*Pretty much everything I've picked up and read from the New York Review of Books' press has been amazing. Daphne du Maurier exquisite short stories, Mavis Gallant, and now Elaine Dundy's The Dud Avocado. I've ordered on Summit the second Dundy and Mitford's Madame de Pompadour.
*I am finally getting to reading David Copperfield and am in love. It's a strange read at times because I'm so familiar with Dickens' biography and can tell where he's drawn on his own history. That doesn't necessarily diminish the work, but means that I can sort of predict where portions of the story start to go. What I'm noticing in this read of a Dickens' novel is his incredibly strong sense of pacing. When he finishes a chapter/section, I find I'm torn between the drive to know more and the delicious sense of suspense or hesitation. Sometimes I close the book just for a bit to let it wash over me before pushing on. Bleak House was too long ago for me to remember and Pickwick doesn't start to feel like a novel until a fair bit of the way in, so I can't tell at what point he really honed this ability and when it started to fade (I do recall that he had trouble over/under writing Our Mutual Friend).
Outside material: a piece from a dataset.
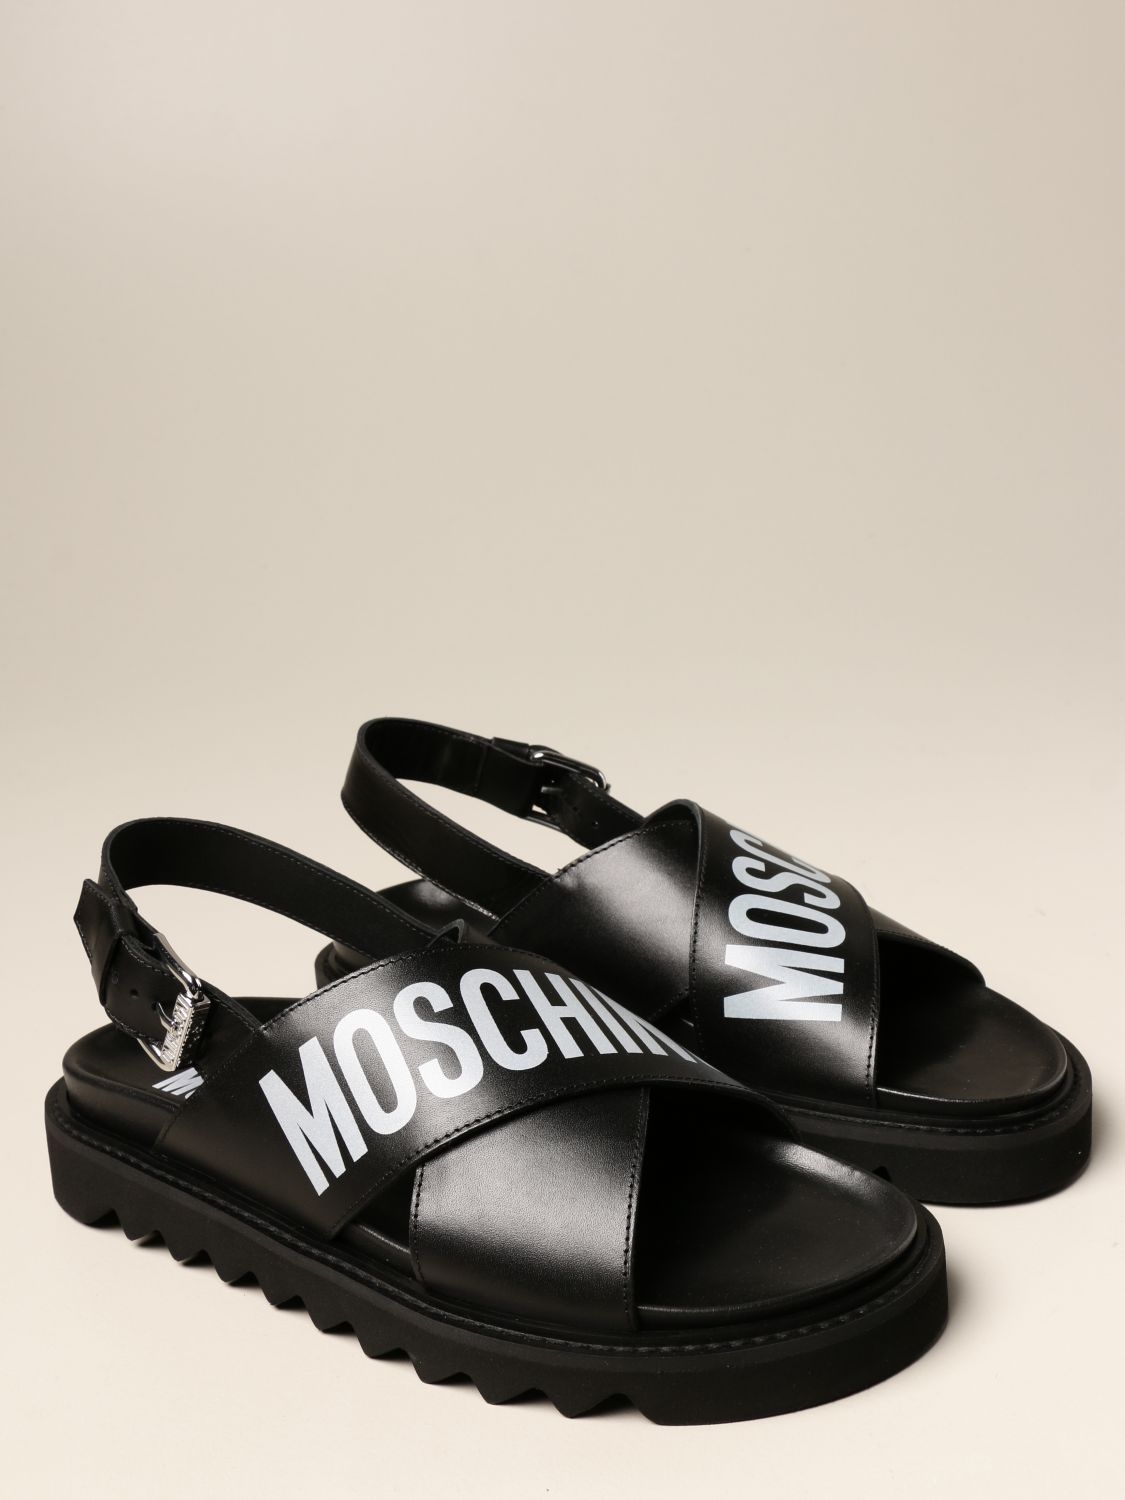 Moschino Sandals Top Sellers, 60% OFF | www.ingeniovirtual.com
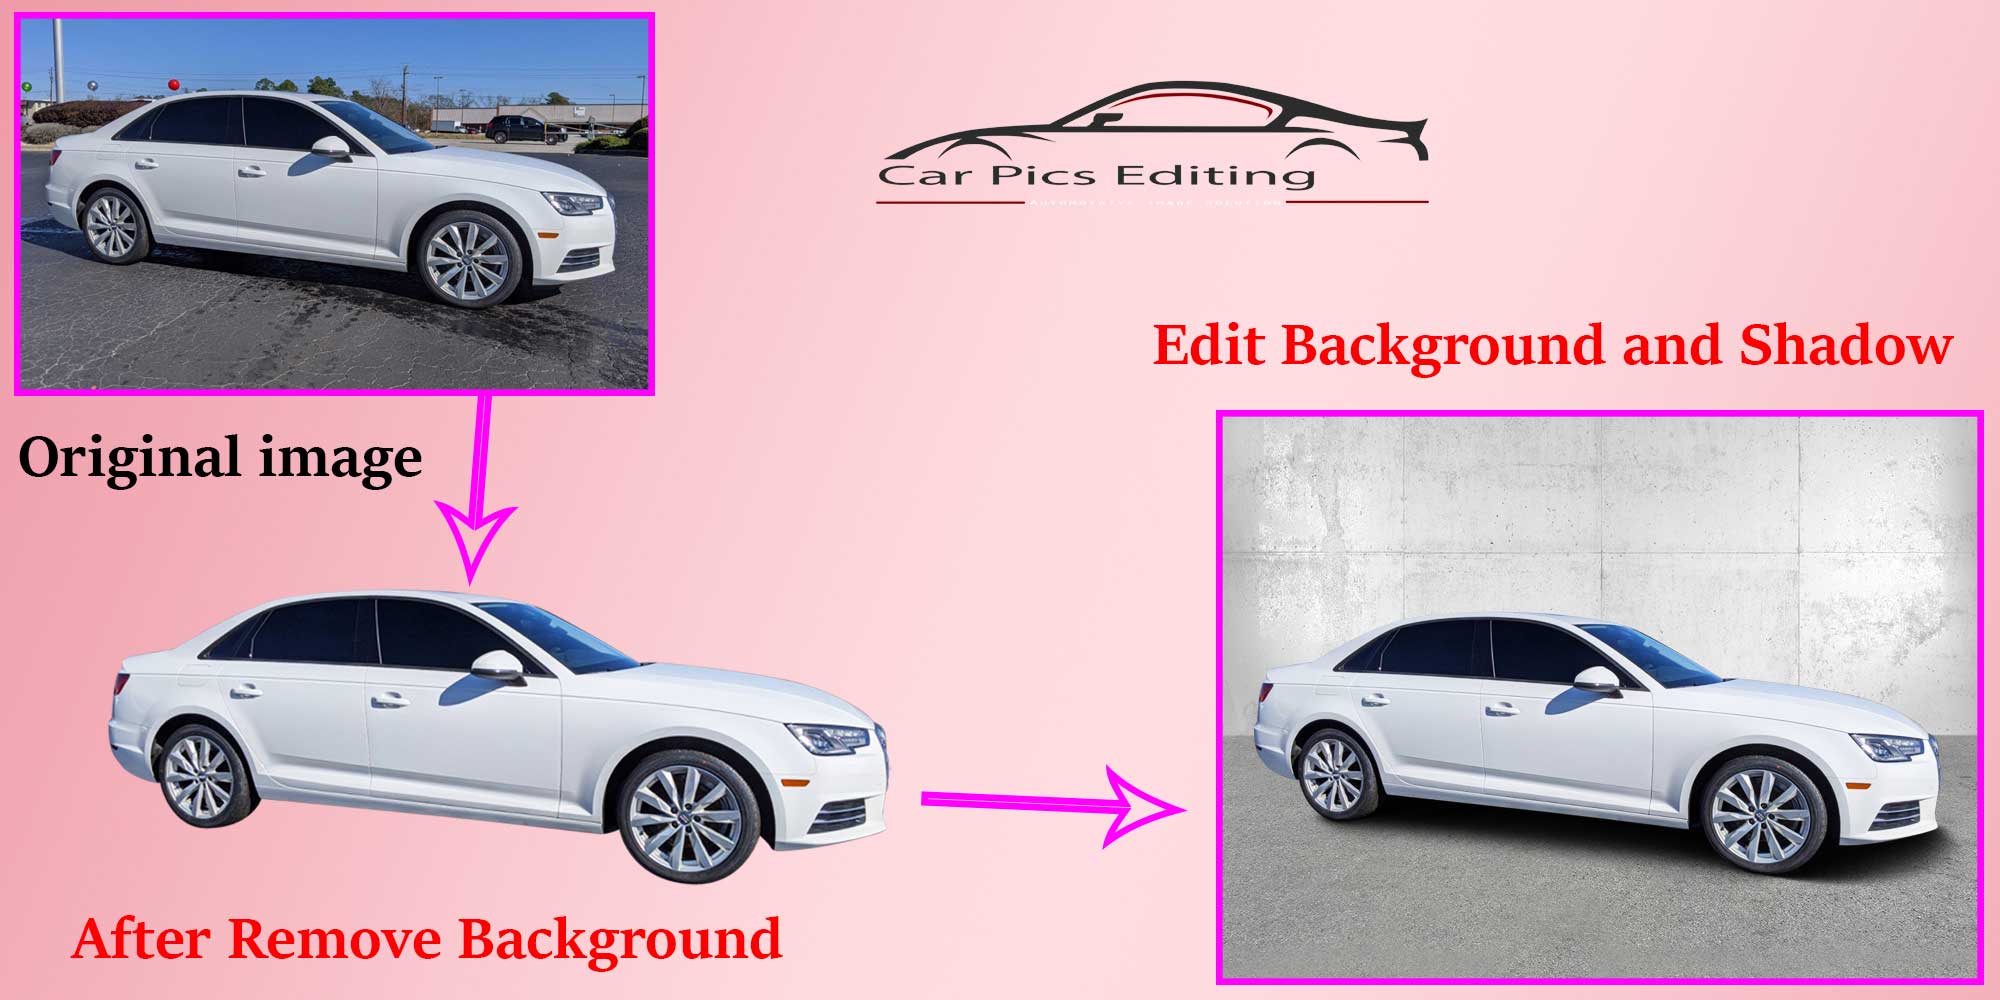 Car image editing process

*I'm pretty sure I have a mental block against Middlemarch. I know it's beautiful and Important and changed the state of the novel and everything, but I just can't seem to commit to that much George Eliot. I'm sorry. I know I'm the worst Victorianist ever. Maybe I'll take it on a trip with me this summer as the only reading material and see what happens. Blargh.
*I have a million books on digitization and metadata sitting on my second desk at work. I still find it impossible to move forward in any major project without first ordering and/or consulting every book I can find in Summit. Smart or debilitating? We'll soon find out.